Class II — Potential Health Hazard

Potential health hazard — use of or exposure to this product may cause temporary or medically reversible adverse health consequences.

OneStep CPR Complete Recalled by ZOLL Medical Corporation Due to A portion of one lot of ZOLL OneStep...

Name: OneStep CPR Complete, Adult Multi Function Electrodes, Part Numbers: 8900 0214 01 (case of 8 single electrodes, UDI: 10847946016279) and 8900 0224 01 (single electrode, UDI: 00847946016272) Product
Brand: ZOLL Medical Corporation

Date: August 4, 2017

Company: ZOLL Medical Corporation

Status: Terminated

Source: FDA (Device)

What You Should Do

Stop using this product immediately.

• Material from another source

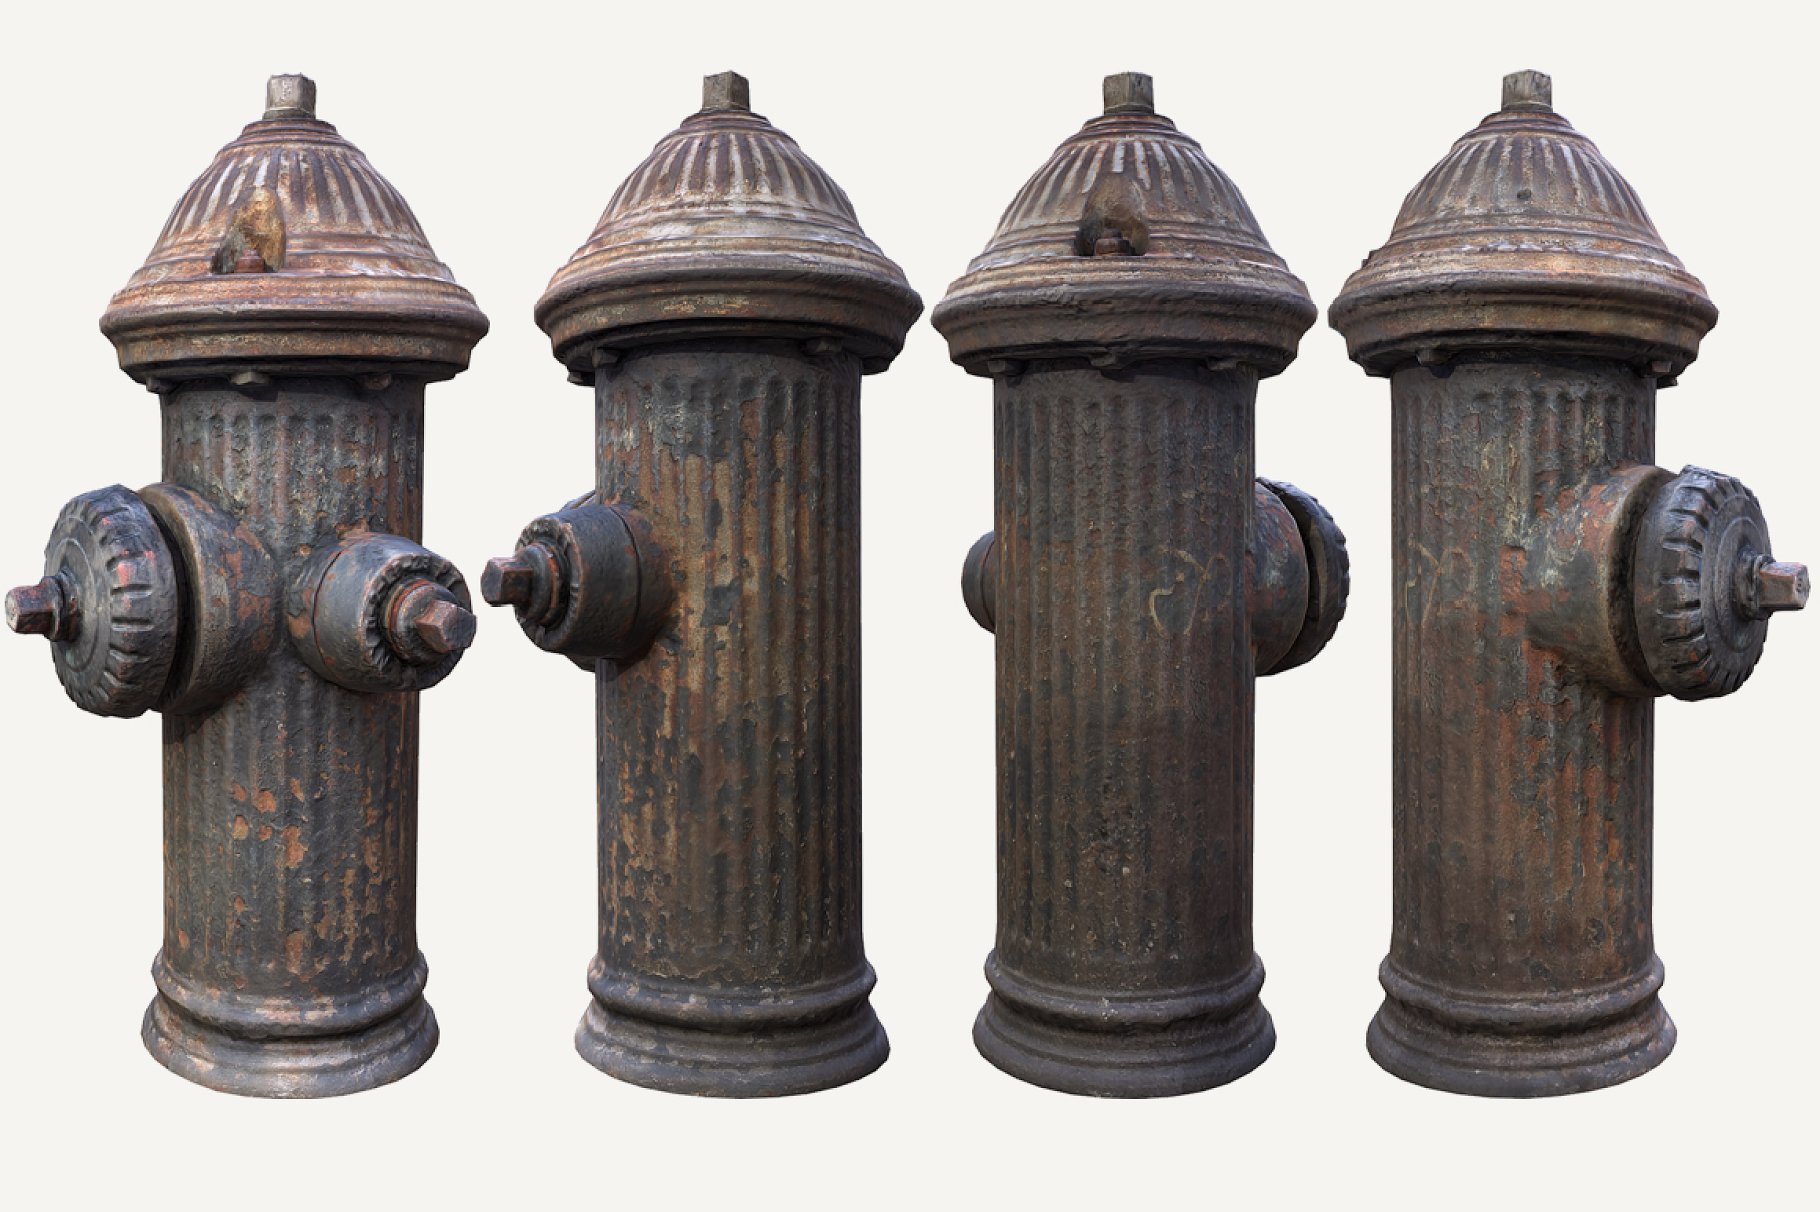 4 fire hydrant lowpoly 3d models on a white background.

Do not consume, use, or distribute it.

Return the product to the place of purchase for a full refund. If you have questions, contact ZOLL Medical Corporation directly.

Affected Products

OneStep CPR Complete, Adult Multi Function Electrodes, Part Numbers: 8900 0214 01 (case of 8 single electrodes, UDI: 10847946016279) and 8900 0224 01 (single electrode, UDI: 00847946016272) Product Usage: Intended Use: Defibrillation, Cardioversion, Noninvasive Pacing, EGG Monitoring, CPR Sensor. For use with ZOLL¿ Defibrillators: R Series, M Series. By Trained Personnel only, Including: Physicians, Nurses, Paramedics, Emergency Medical Technicians, Cardiovascular Laboratory Technicians.

Quantity: 3400

Why Was This Recalled?

A portion of one lot of ZOLL OneStep Complete Electrodes for adults will cause the defibrillator to deliver pediatric energy levels instead of adult energy levels when used with the ZOLL R Series Defibrillator. Defective electrodes will display PEDIATRIC PADS IN USE on the R Series defibrillator. Using the affected product with the M Series Defibrillator poses no risk.

Where Was This Sold?

This product was distributed nationwide across all 50 states.

About ZOLL Medical Corporation

ZOLL Medical Corporation has 14 total recalls tracked by RecallDetector.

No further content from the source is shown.